__DATASET SECTION__:

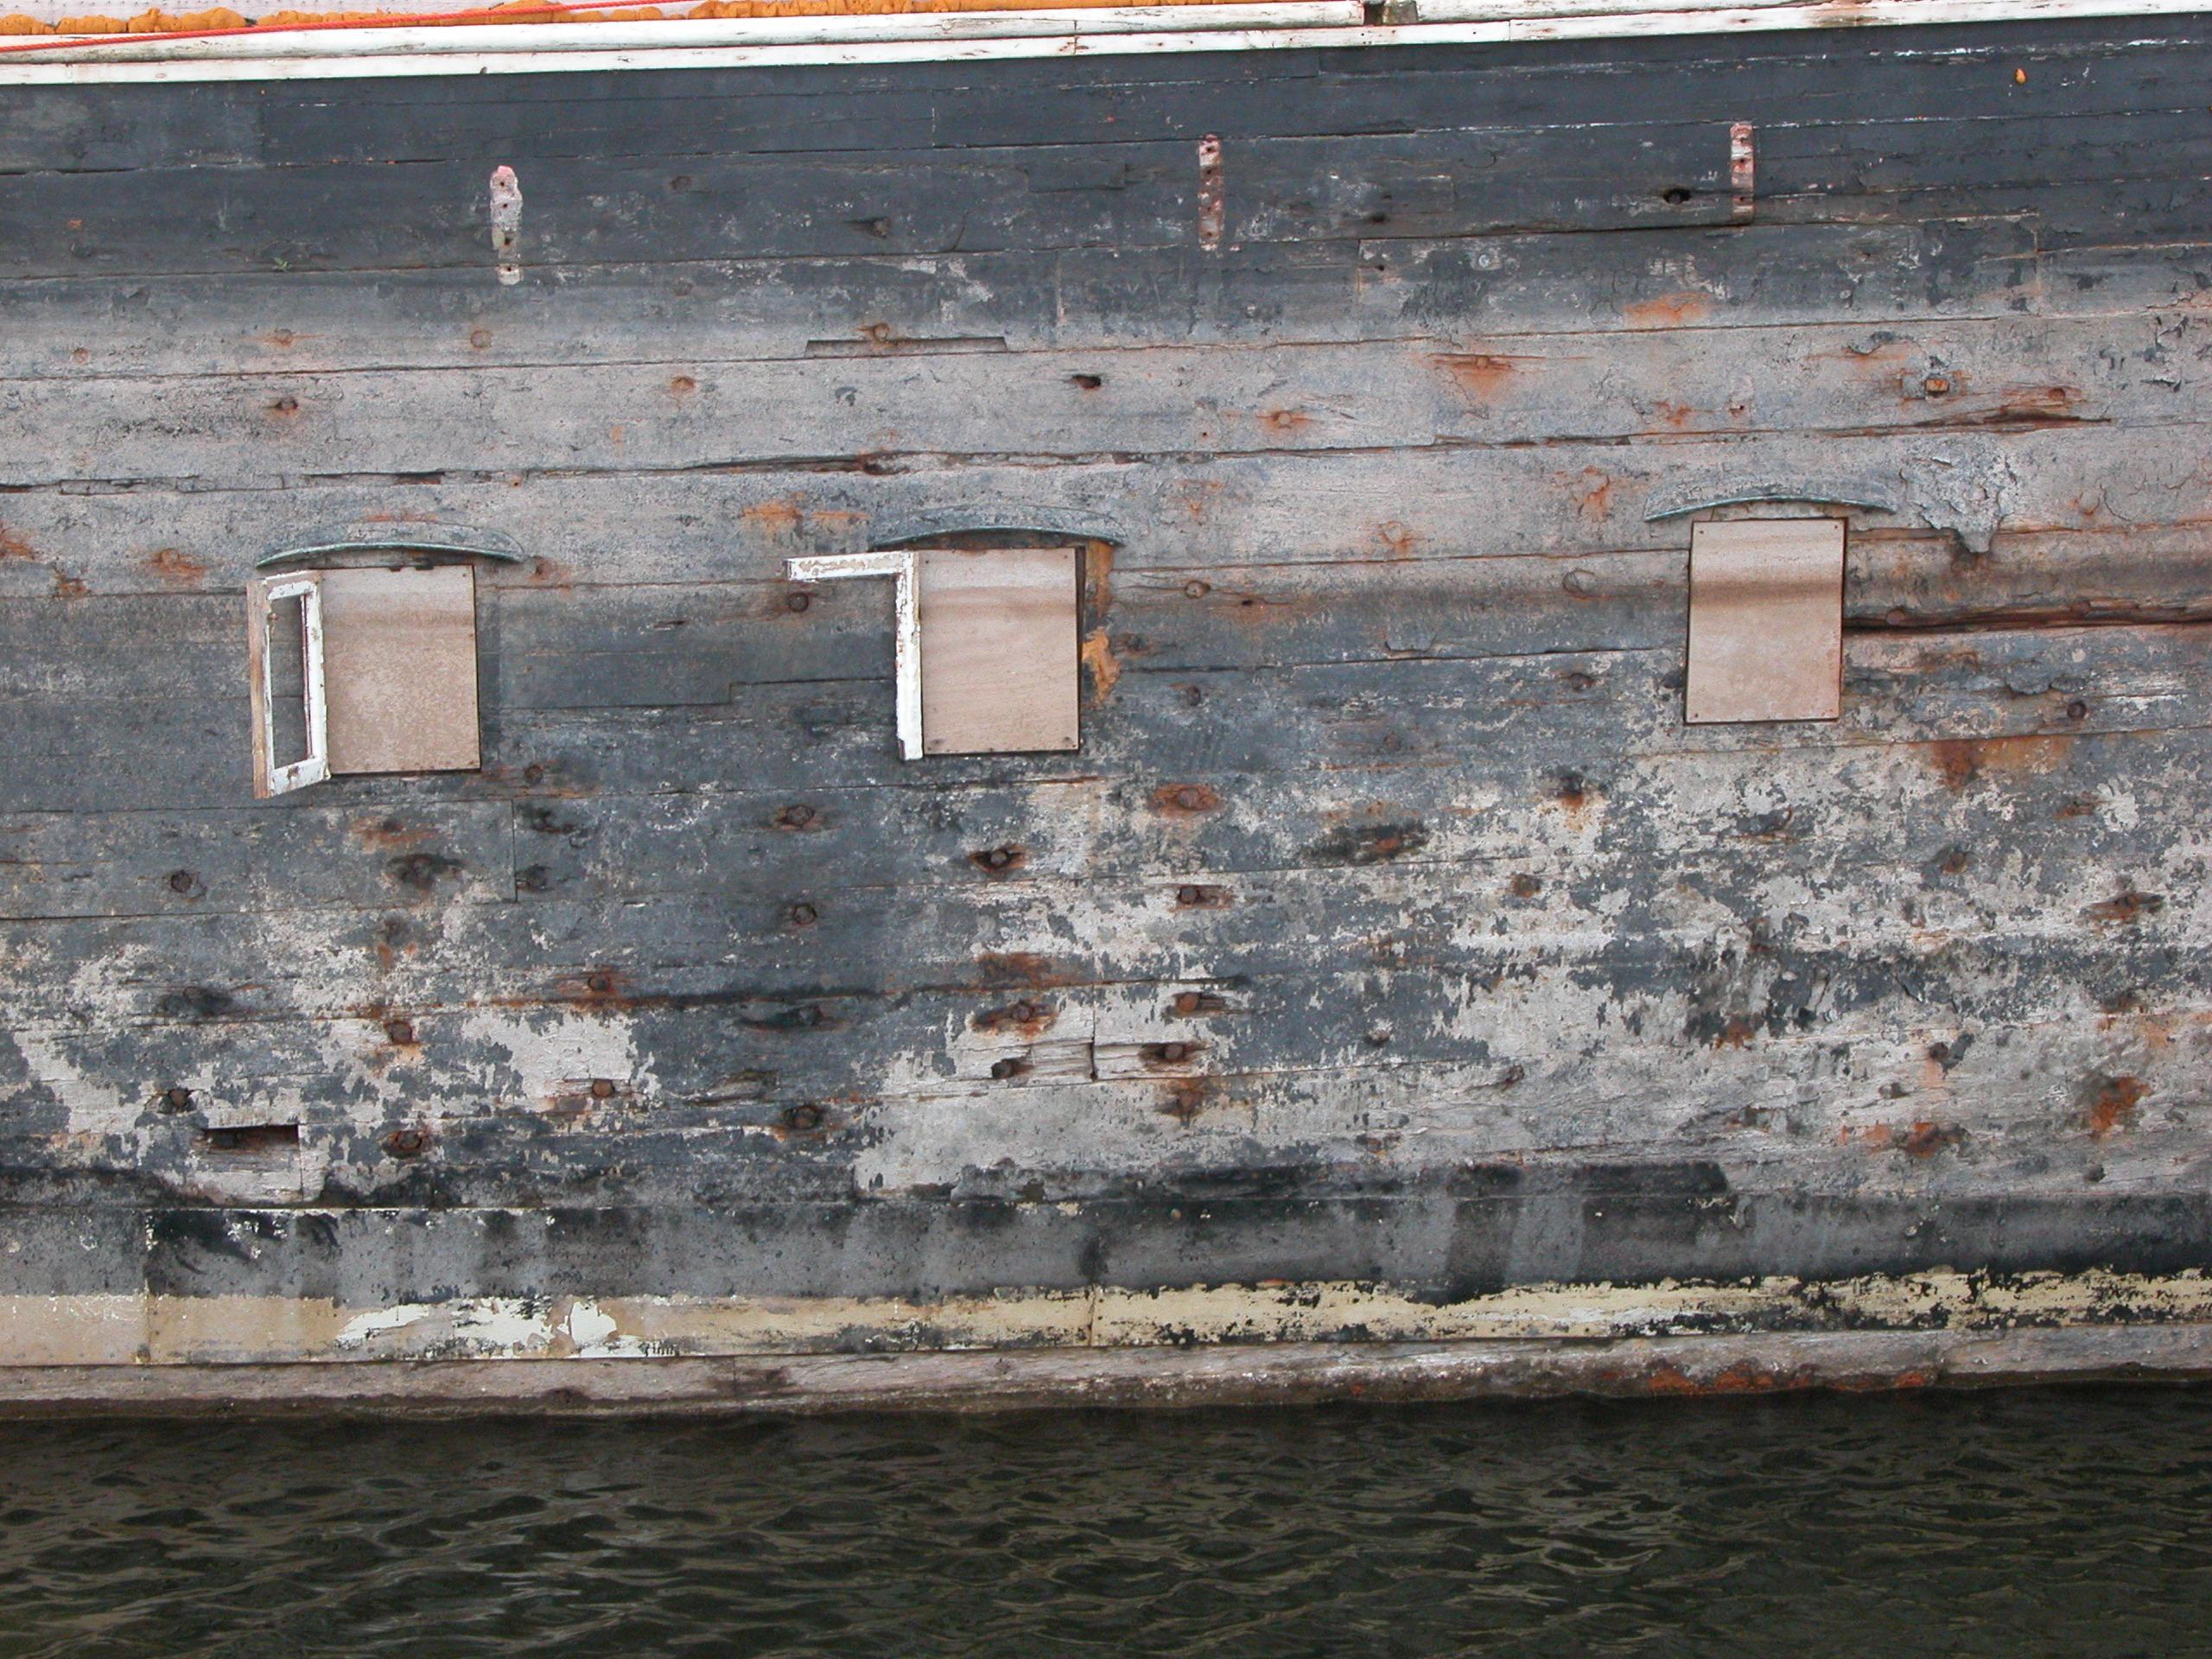 wooden boat side windows boarded up
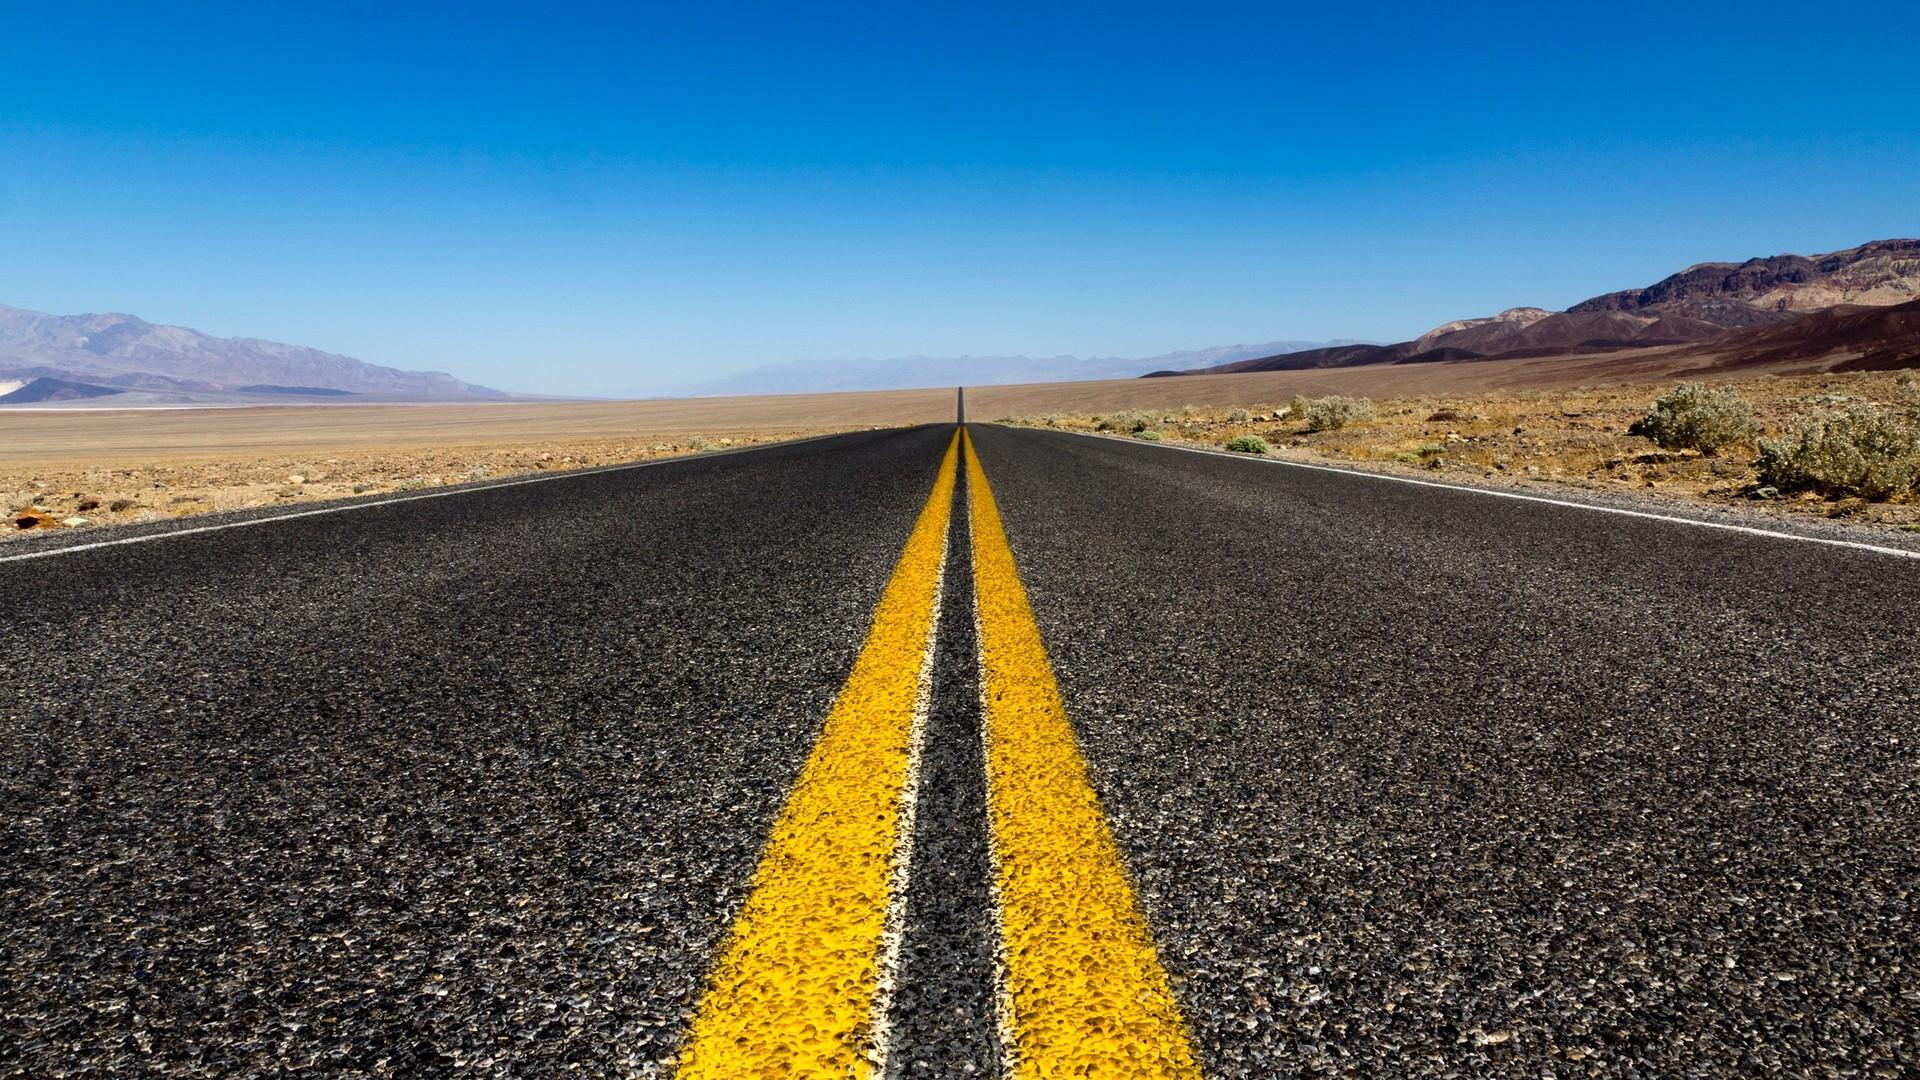 デスクトップ壁紙 日光 風景 丘 フィールド 道路 砂漠 汚れの
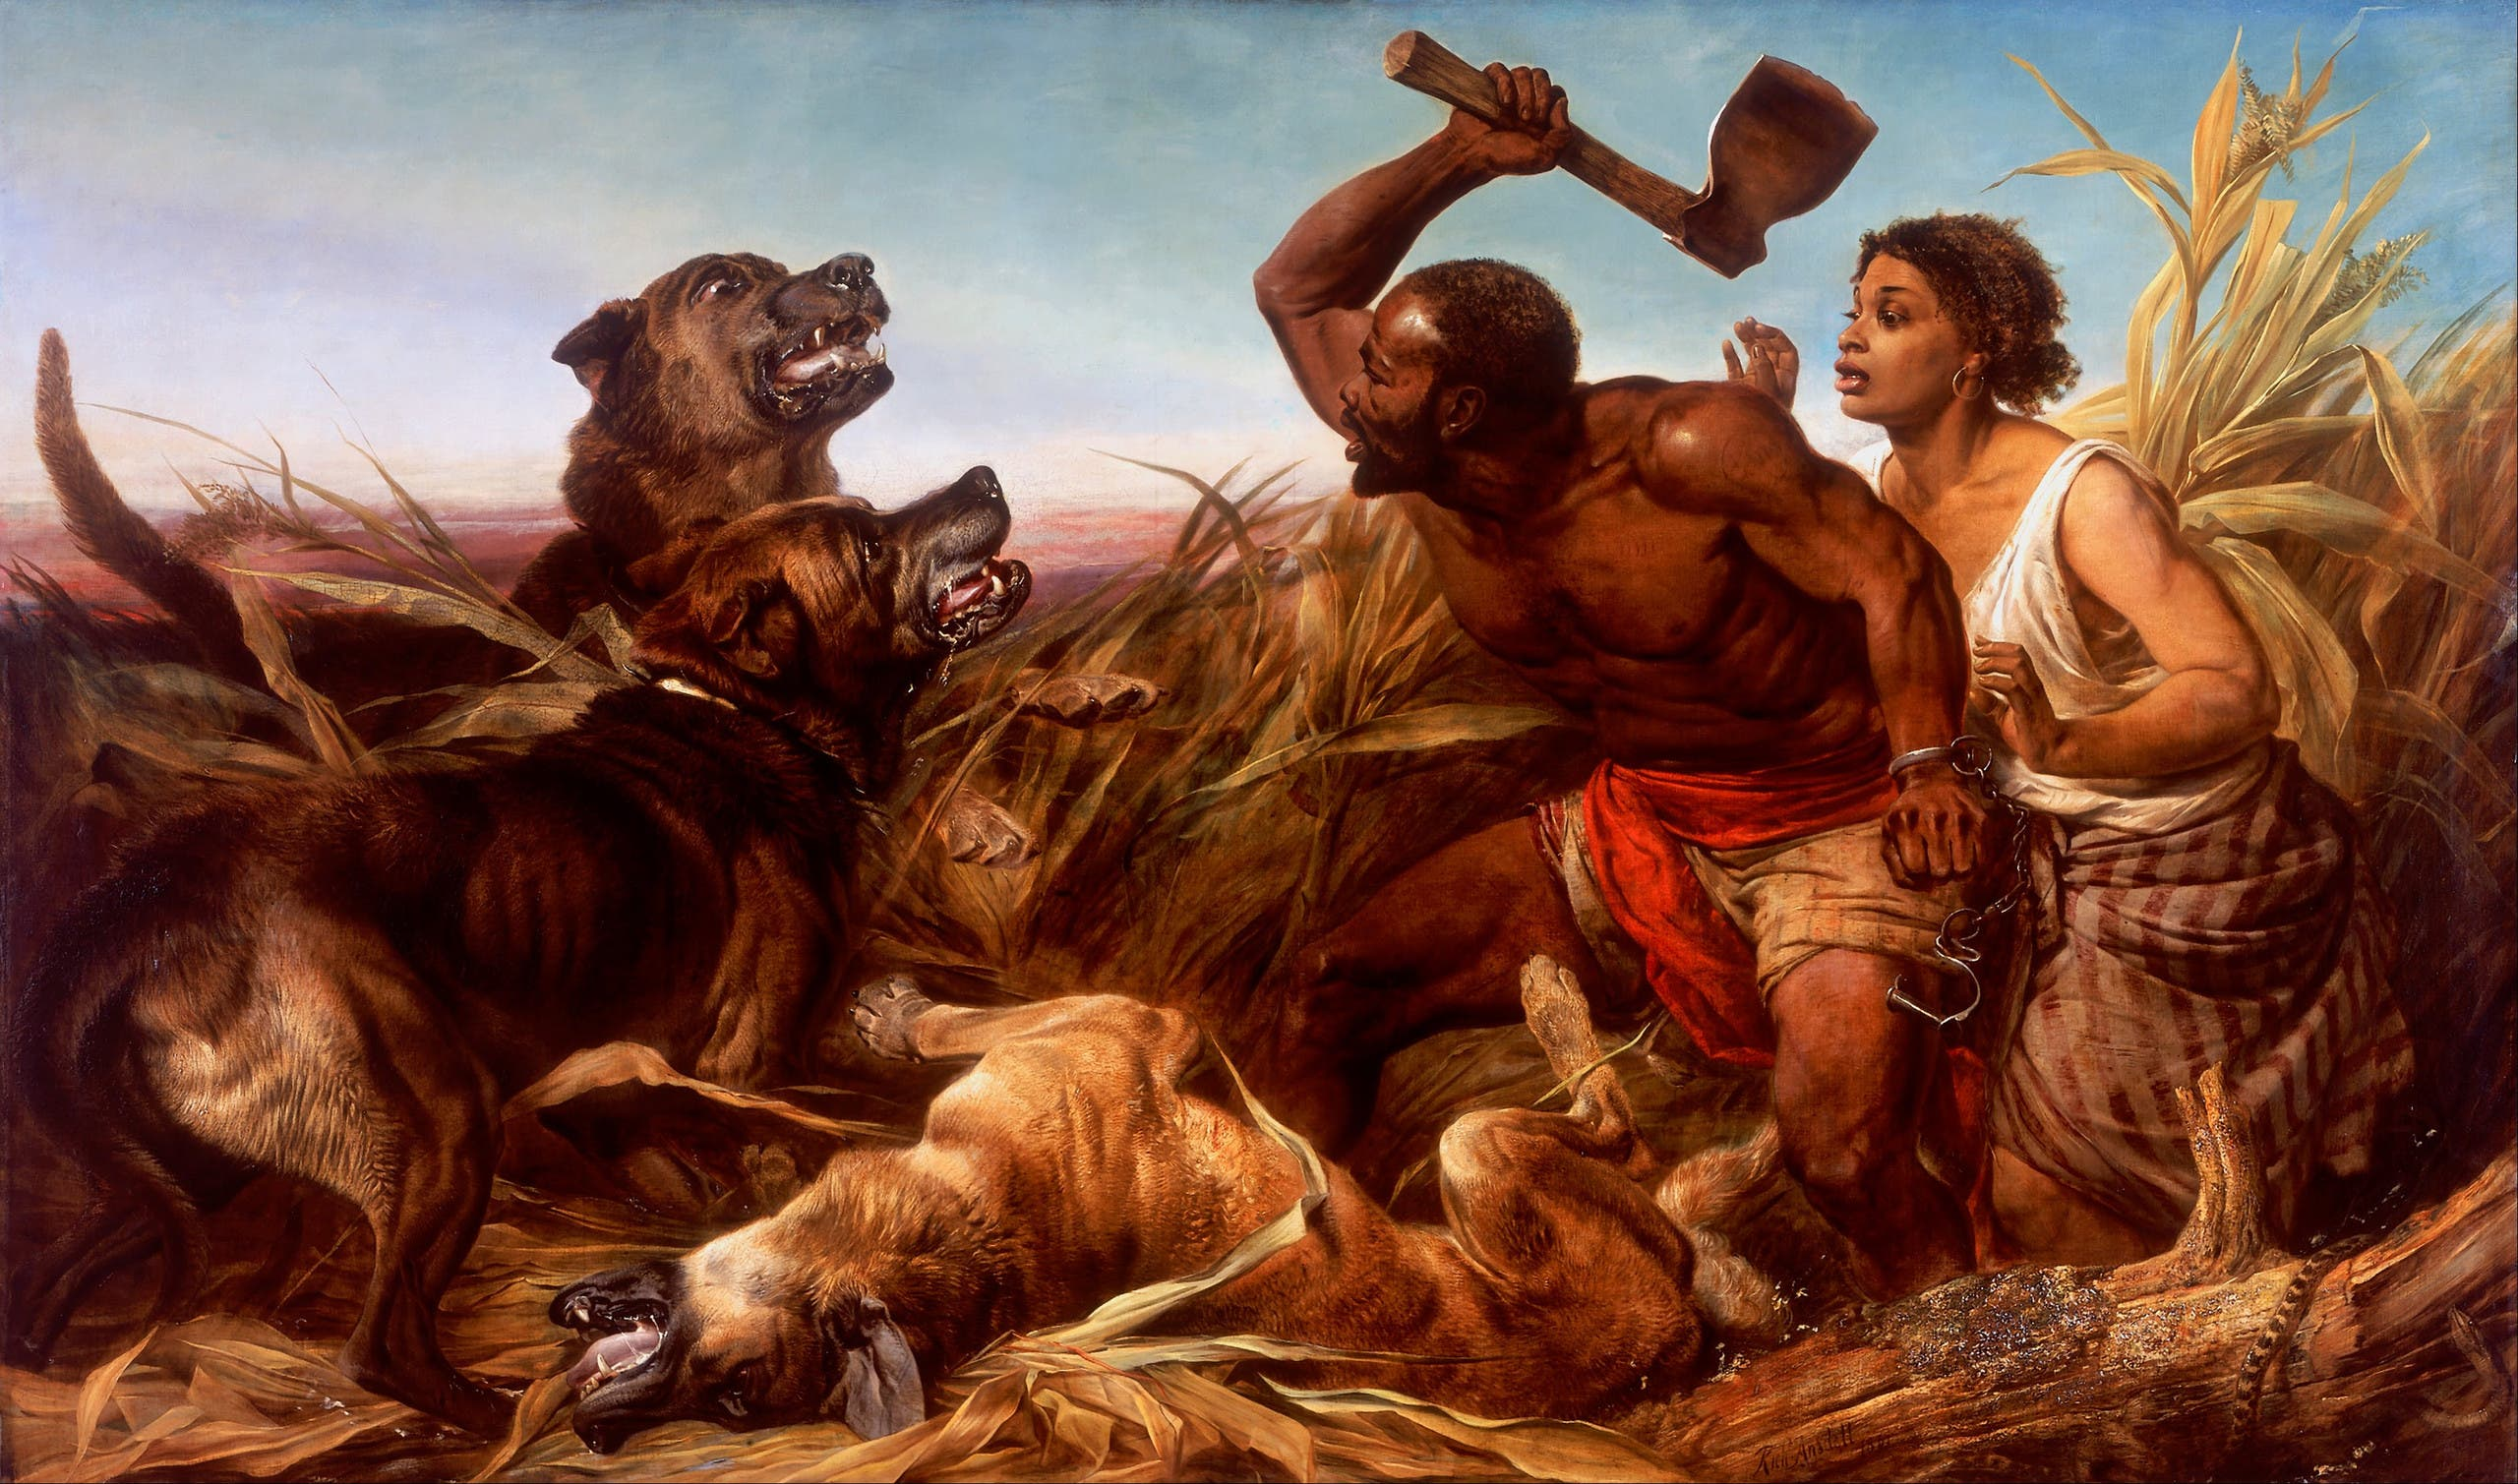 لوحة تجسد كلابا خلال مهاجمتها لأحد الأشخاص

__HOW TO COMPLETE THIS TASK__: Print the listing exactly, images excluded.

__ANSWER SPACE__:
 wooden boat side windows boarded up
 デスクトップ壁紙 日光 風景 丘 フィールド 道路 砂漠 汚れの
 لوحة تجسد كلابا خلال مهاجمتها لأحد الأشخاص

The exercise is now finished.